* **TASK DESCRIPTION**: A faithful copy of the data is the goal; set it down exactly, without the images.

* **PROVIDED MATERIAL**:
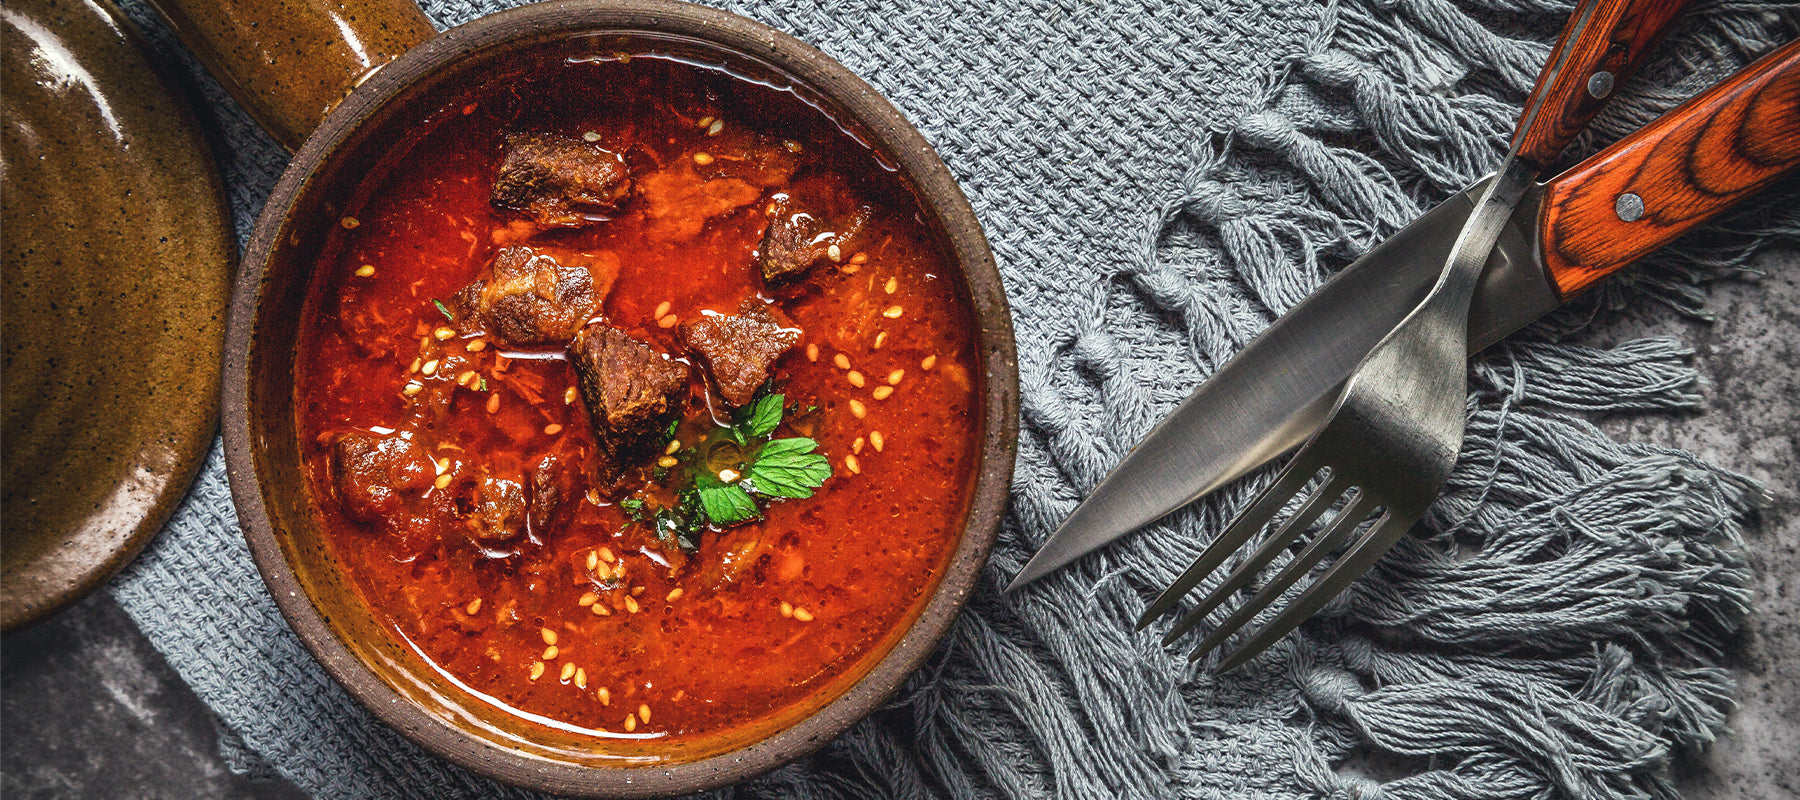 Flavourful and Fragrant: How to Make Delicious Lamb Rogan Josh Curry at Home
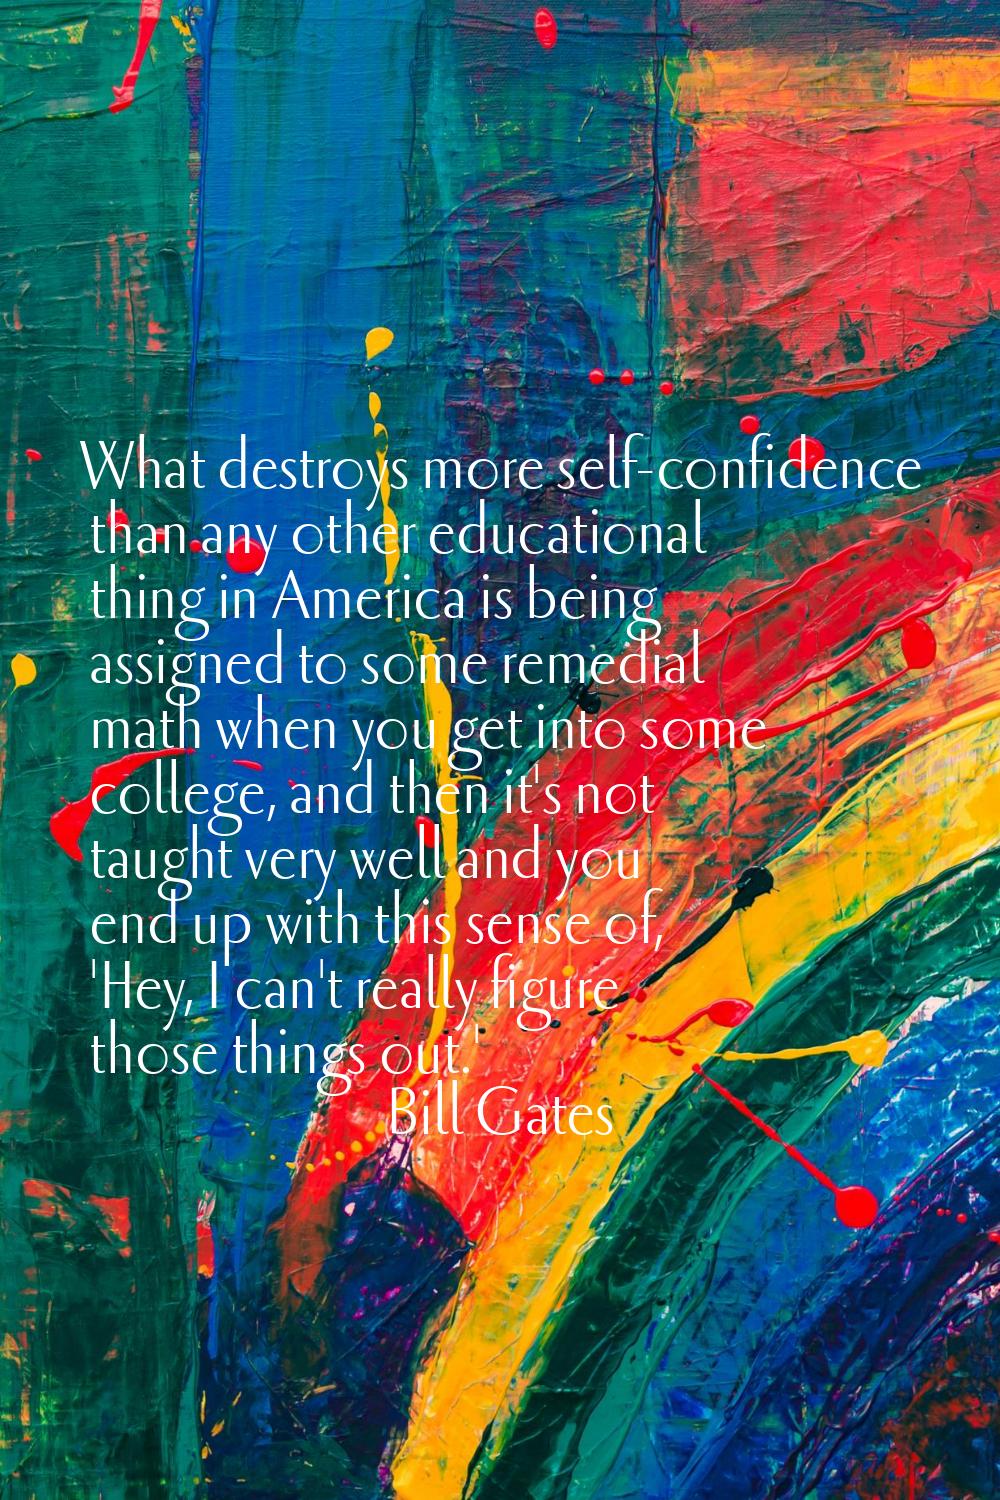 What destroys more self-confidence than any other educational thing in America is being assigned to
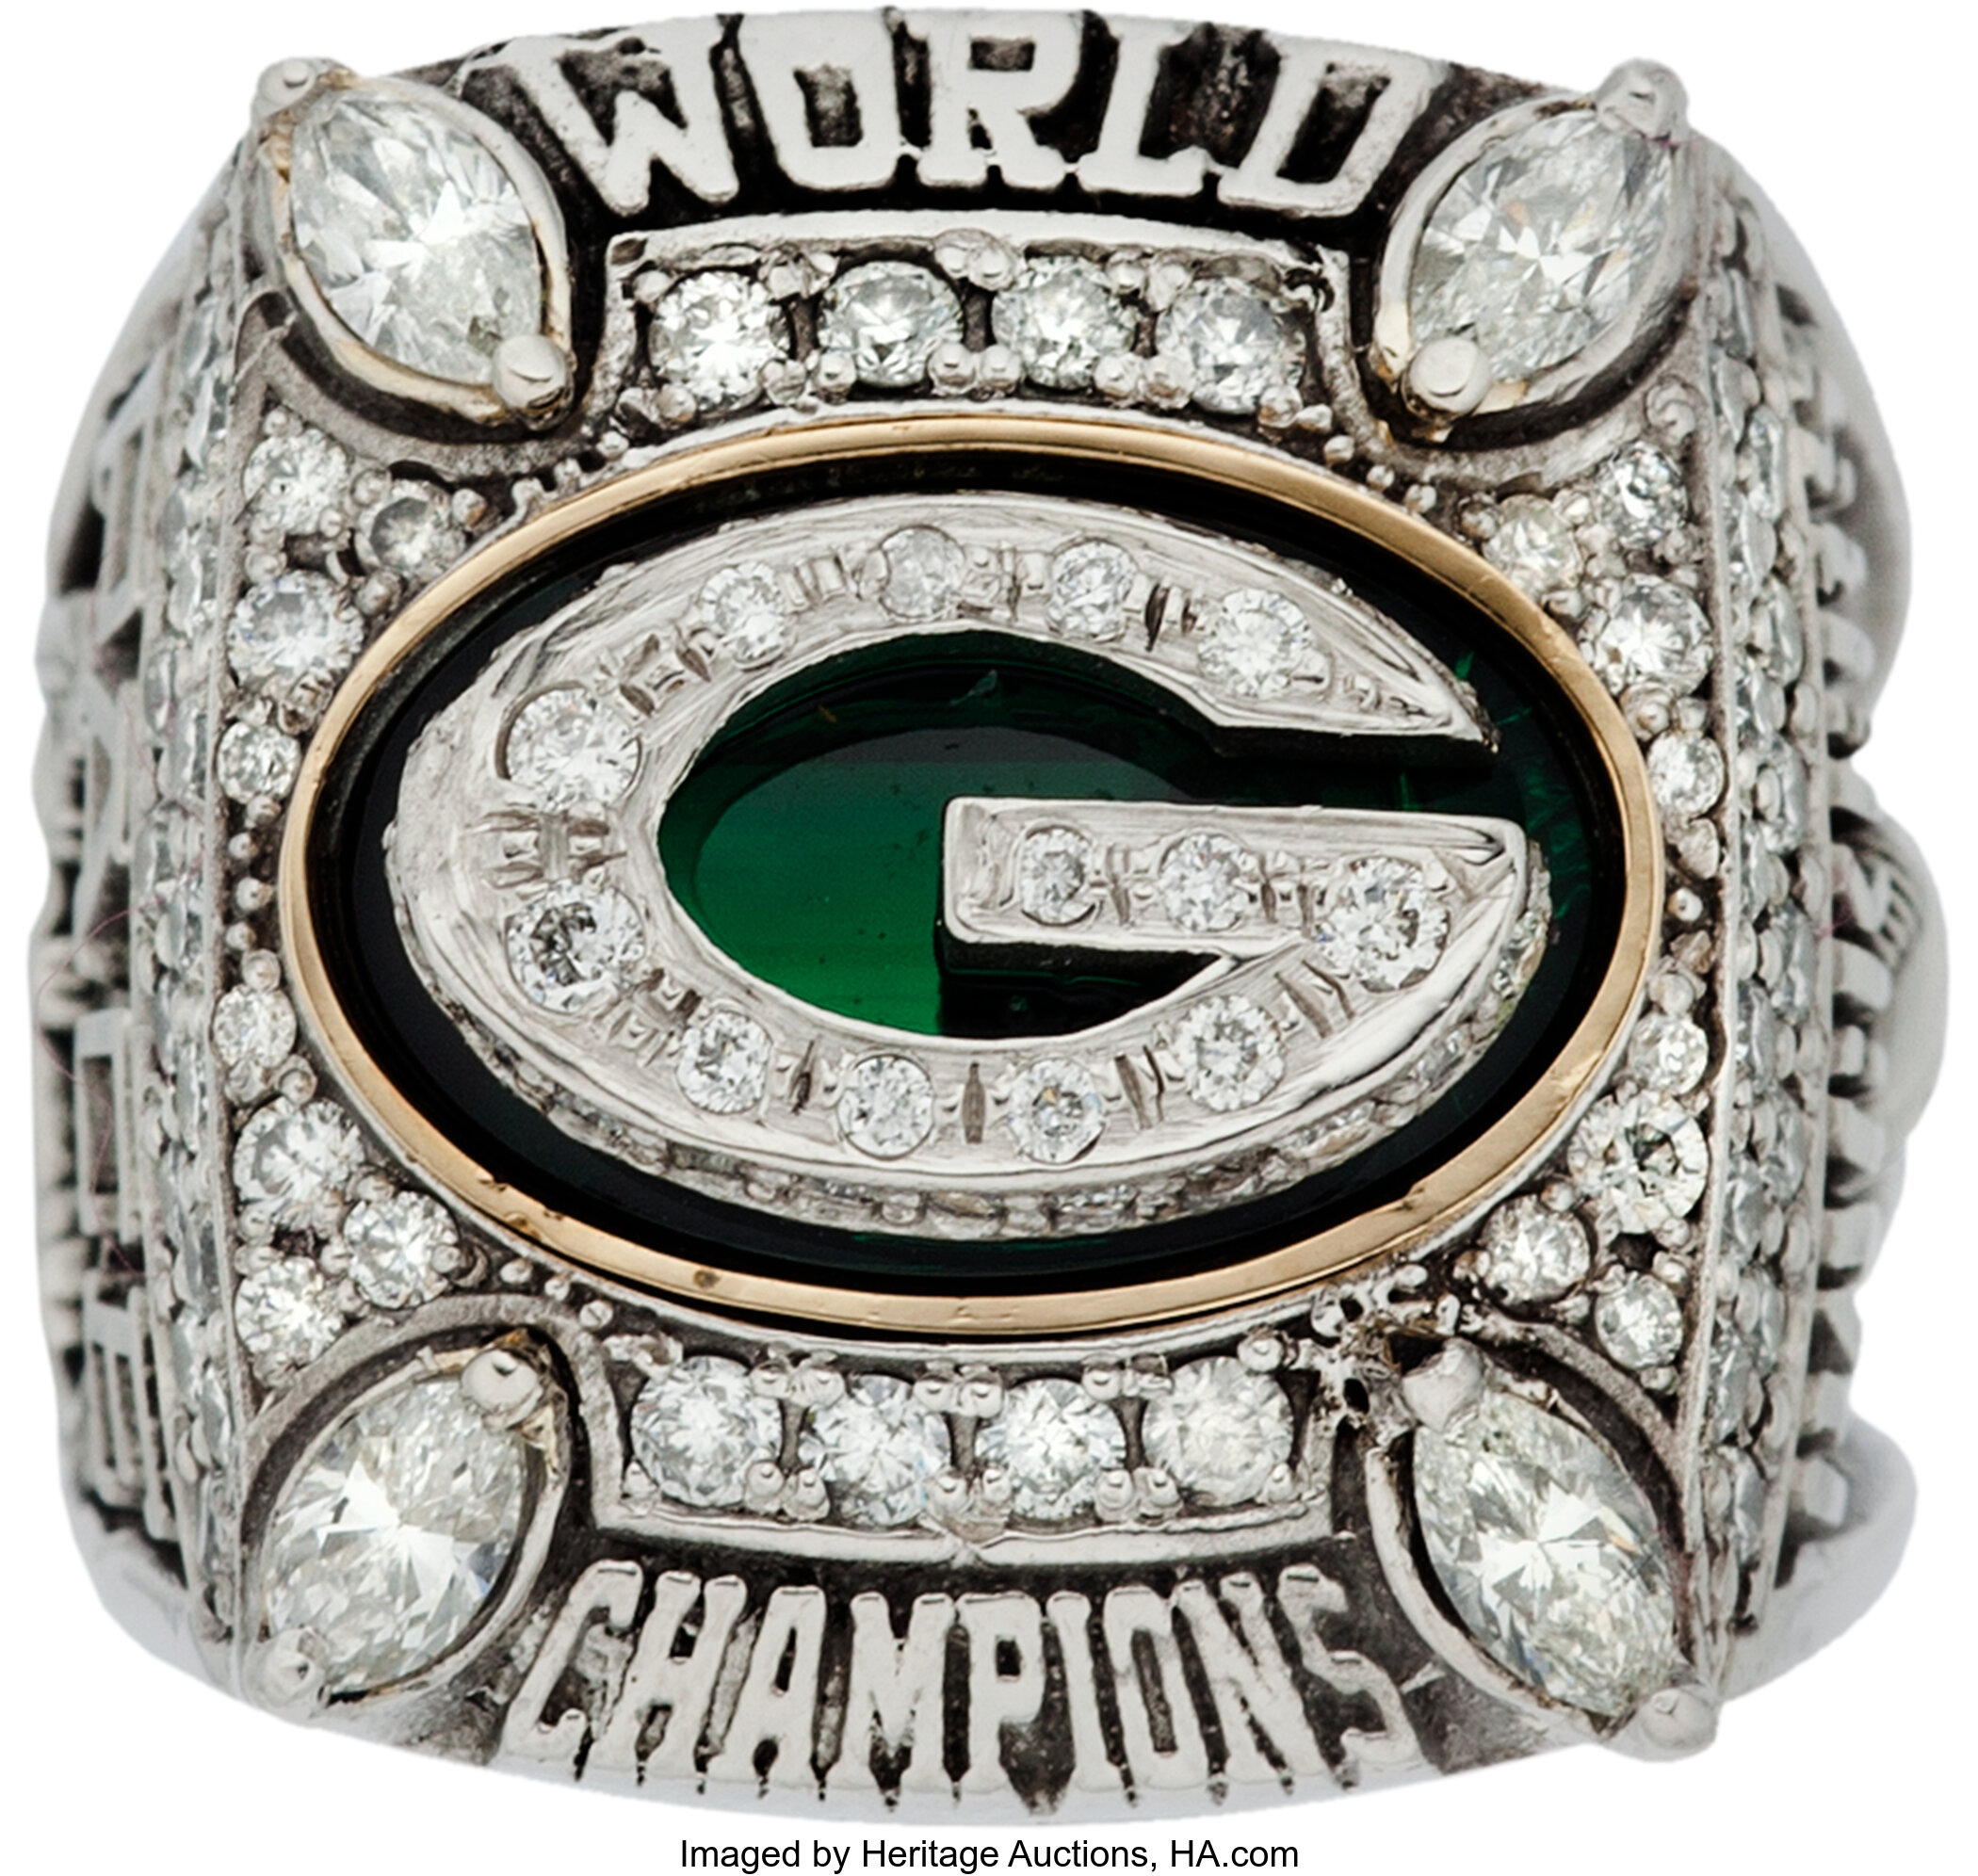 packers super bowl championships

* **ANSWER AREA**:
 Flavourful and Fragrant: How to Make Delicious Lamb Rogan Josh Curry at Home
 What destroys more self-confidence than any other educational thing in America is being assigned to
 packers super bowl championships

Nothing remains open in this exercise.